More importantly, these results are what most people without numbers would predict. It’s good to have data to support your opinion, I suppose, but at this point, your guess is as good as mine (and they’re likely to be the same).
So how can statistics be helpful aside from producing predictions the guy at the corner pub will be able to make? Turns out, statistics do offer a clue why the predictions game is so much fun this late in the tournament: First, if you think about it, the odds we are talking about aren’t all that high in absolute terms – 35% (in the case of Brazil, Germany, or Argentina, depending on the model), or even Nate Silver’s 60-some % for Brazil and Spain. These predictions are a long way from 100%. So keep in mind that, overall, you’re actually more likely to be wrong than right betting on these horses.
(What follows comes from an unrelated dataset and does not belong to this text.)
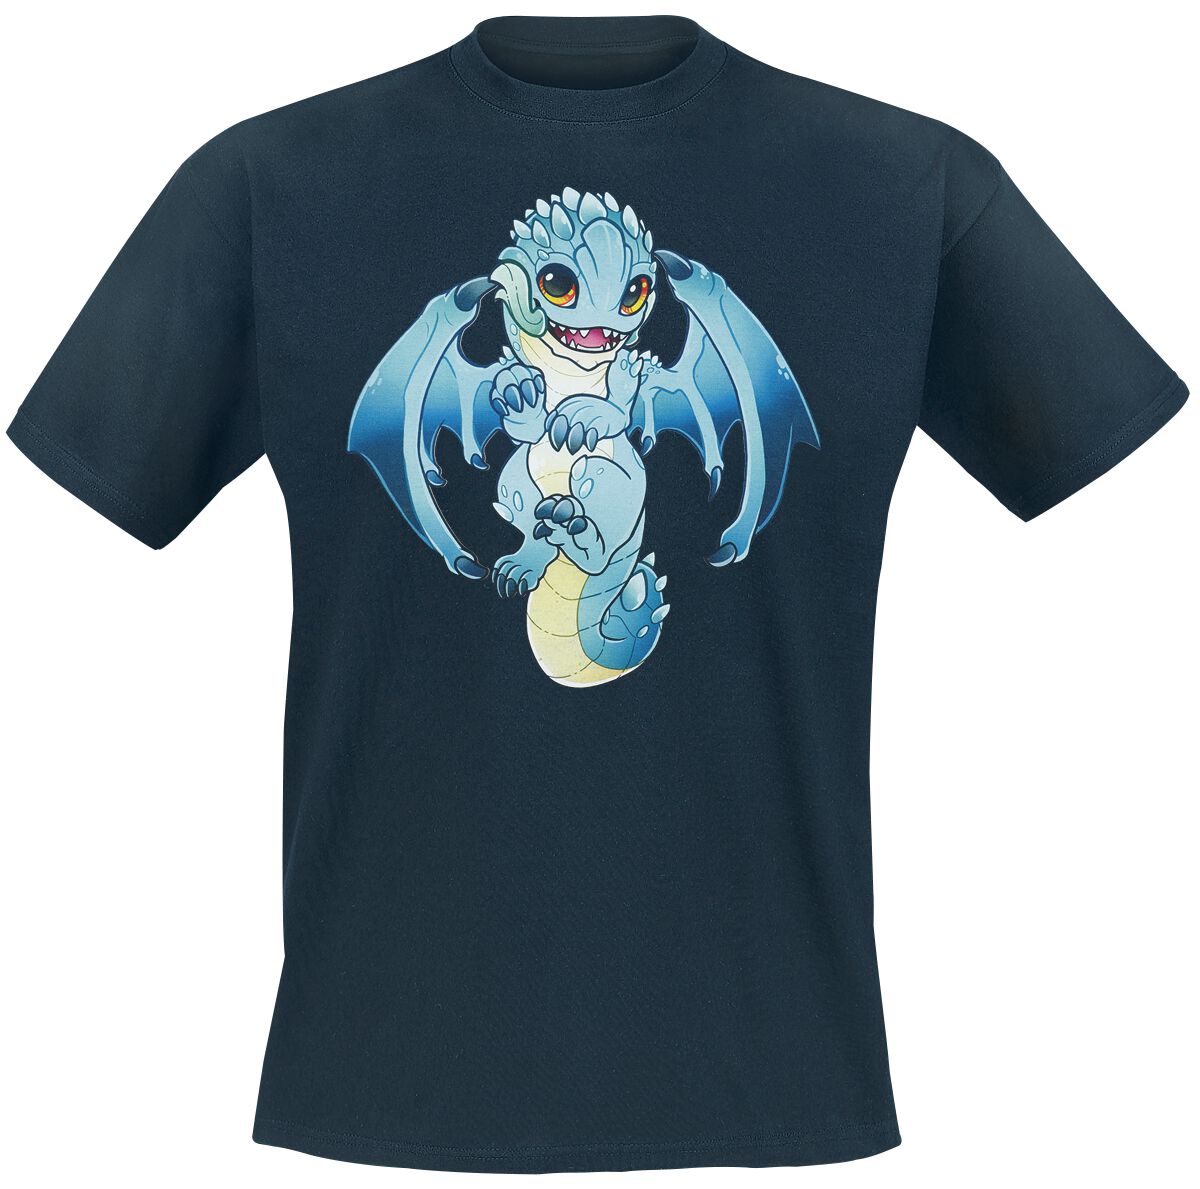 Guild Wars - Gaming T-Shirt - Baby Aurene by RinTheYordle - S bis XL - für Männer - Größe L - dunkelblau  - EMP exklusives Merchandise!

Second, the predictions tell us the average outcome we would expect, based on all kinds of assumptions about the data distribution (they are so-called point predictions), but not specific events. And these forecasts come with a so-calledconfidence interval, which tells you that the true number would fall within a certain range most of the time (usually, we use 95% of the time) were we to collect ever more data.
For World Cup predictions, these confidence intervals are large – and therefore, our predictions are uncertain. For example, the prediction that Brazil will reach the semis (based on FIFA rankings alone) is .304. But the 95% confidence interval for this particular prediction ranges from as low as .096 to as high as .511. This means that we are 95% certain Brazil’s odds of reaching the semis fall somewhere in this range. But is this really saying much? (The same is true for virtually any predictions I have been able to generate.)
So, keep in mind what these numbers really can and cannot do for you. (A great read on this, especially as it relates to soccer is Zach Slaton’s “Statistics Are Just Numbers” on his A Beautiful Numbers Game blog). For the purposes of World Cup predictions this late in the tournament, I’d paraphrase my colleague’s take on data: “Sometimes even with data, you’re just another guy with an opinion.” Or: there’s nothing like watching teams beat the odds. And my money is still on Brazil, and my heart is rooting for Germany.